DIRECTIONS FOR THIS TASK → Every line of the material is to be quoted verbatim, minus the pictures.

DATA PROVIDED →
========================

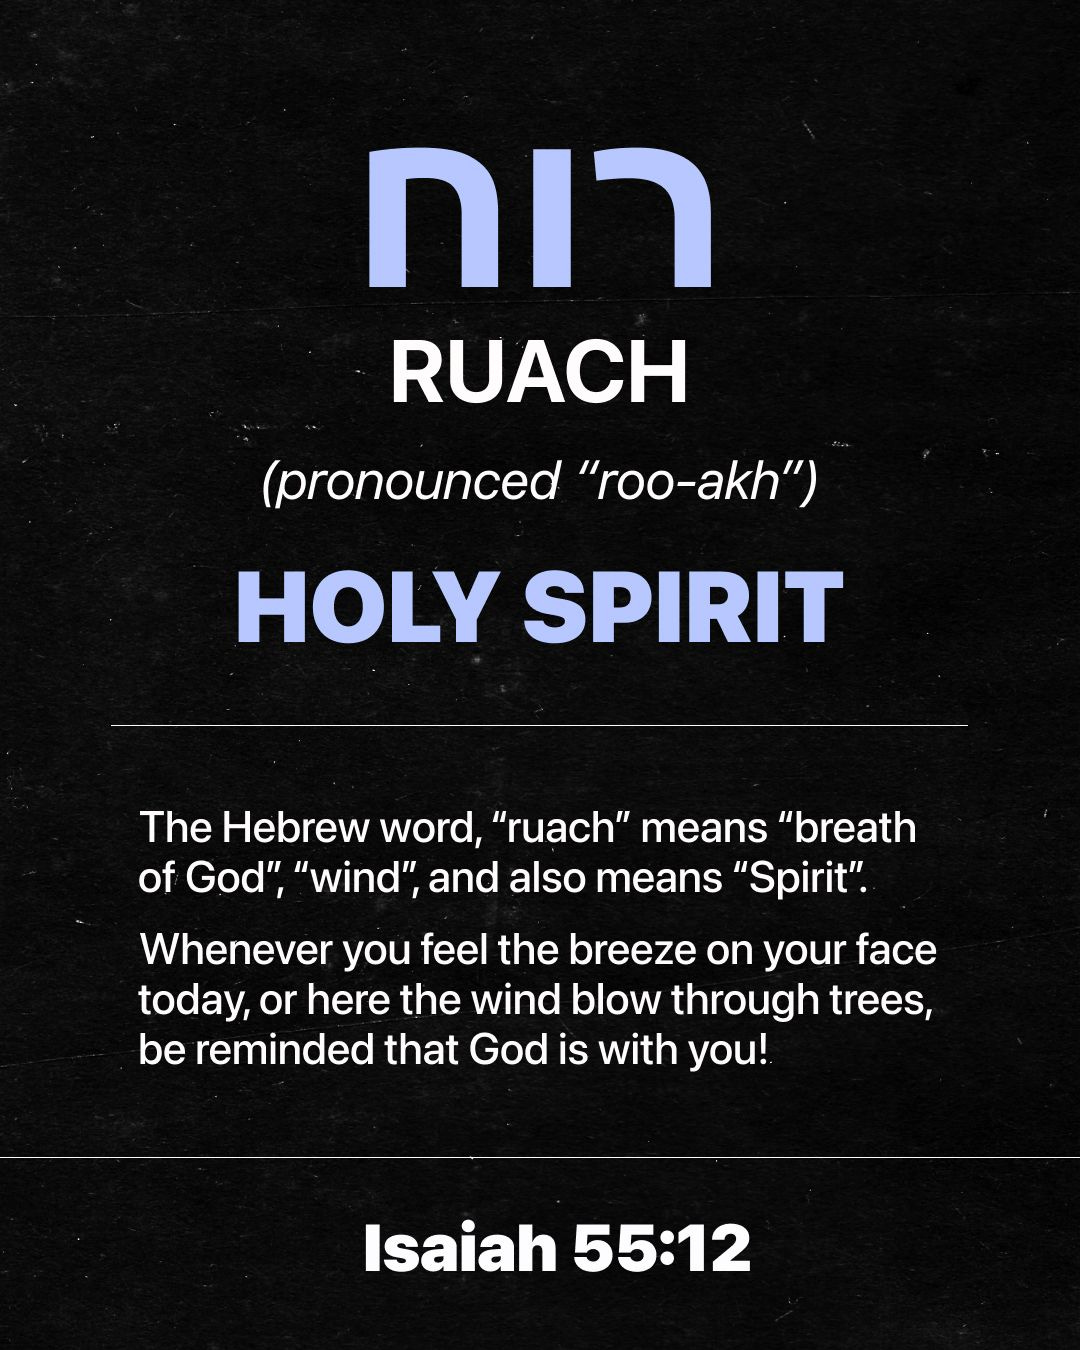 Dave Adamson on X: "You are either led by your circumstances, or led by God's  Spirit Holy Spirit in Hebrew is “ruach”, רוח, pronounced roo'-akh.  #52HebrewWords https://t.co/qWwZSpz7hG" / X
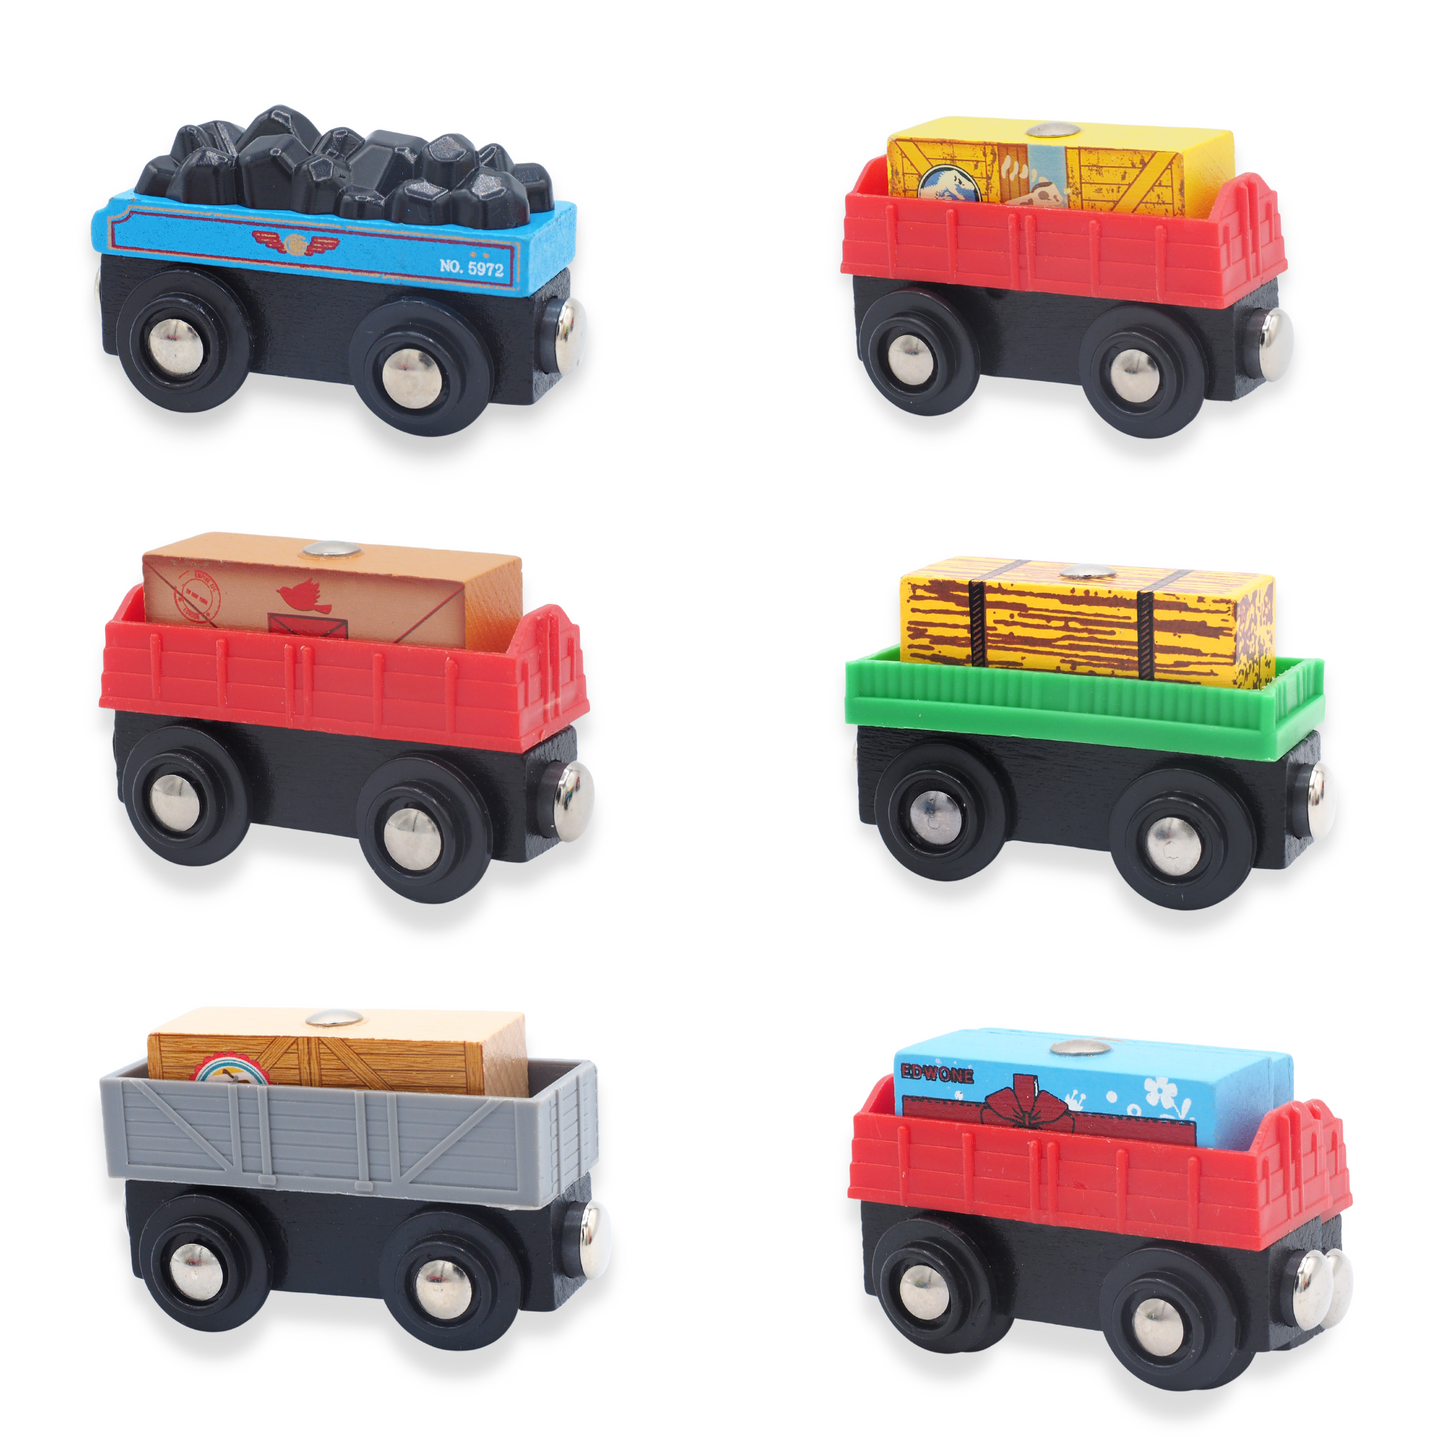 6 pack of Wooden Tenders for Wooden Train Tracks
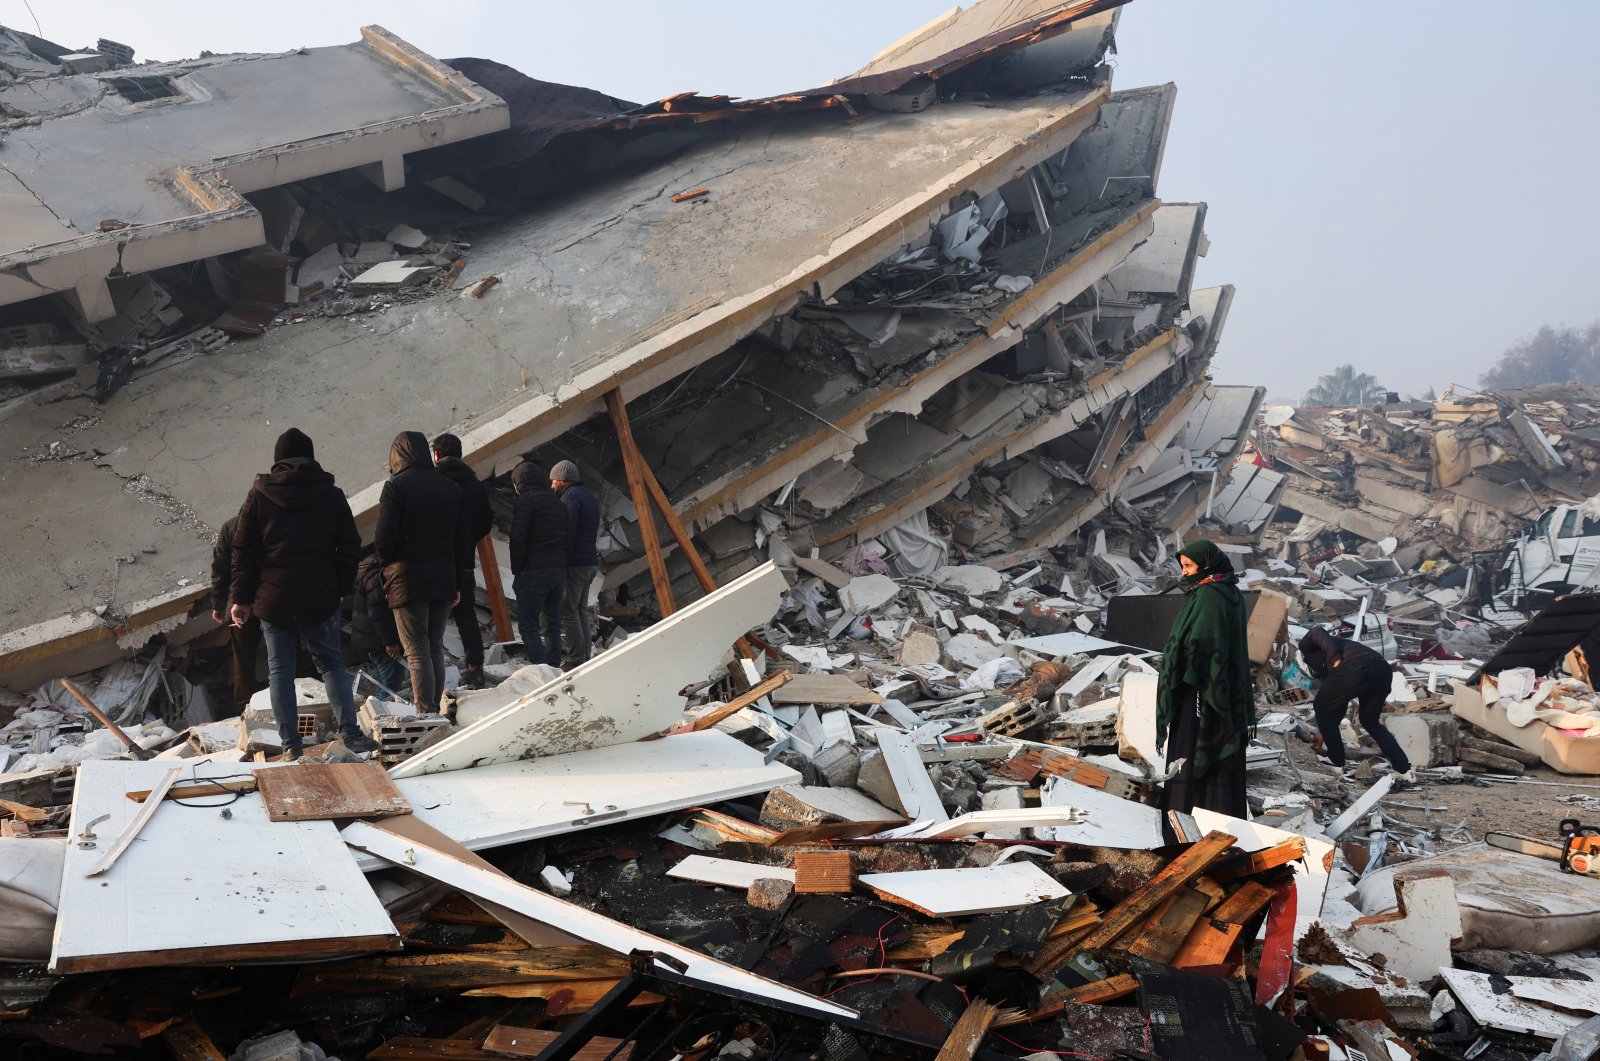 People look at rubble and damage following an earthquake in Hatay, Türkiye, Feb. 7, 2023. (Reuters Photo)

========================

WRITTEN ANSWER →
 Dave Adamson on X: "You are either led by your circumstances, or led by God's  Spirit Holy Spirit in Hebrew is “ruach”, רוח, pronounced roo'-akh.  #52HebrewWords https://t.co/qWwZSpz7hG" / X
 6 pack of Wooden Tenders for Wooden Train Tracks
 People look at rubble and damage following an earthquake in Hatay, Türkiye, Feb. 7, 2023. (Reuters Photo)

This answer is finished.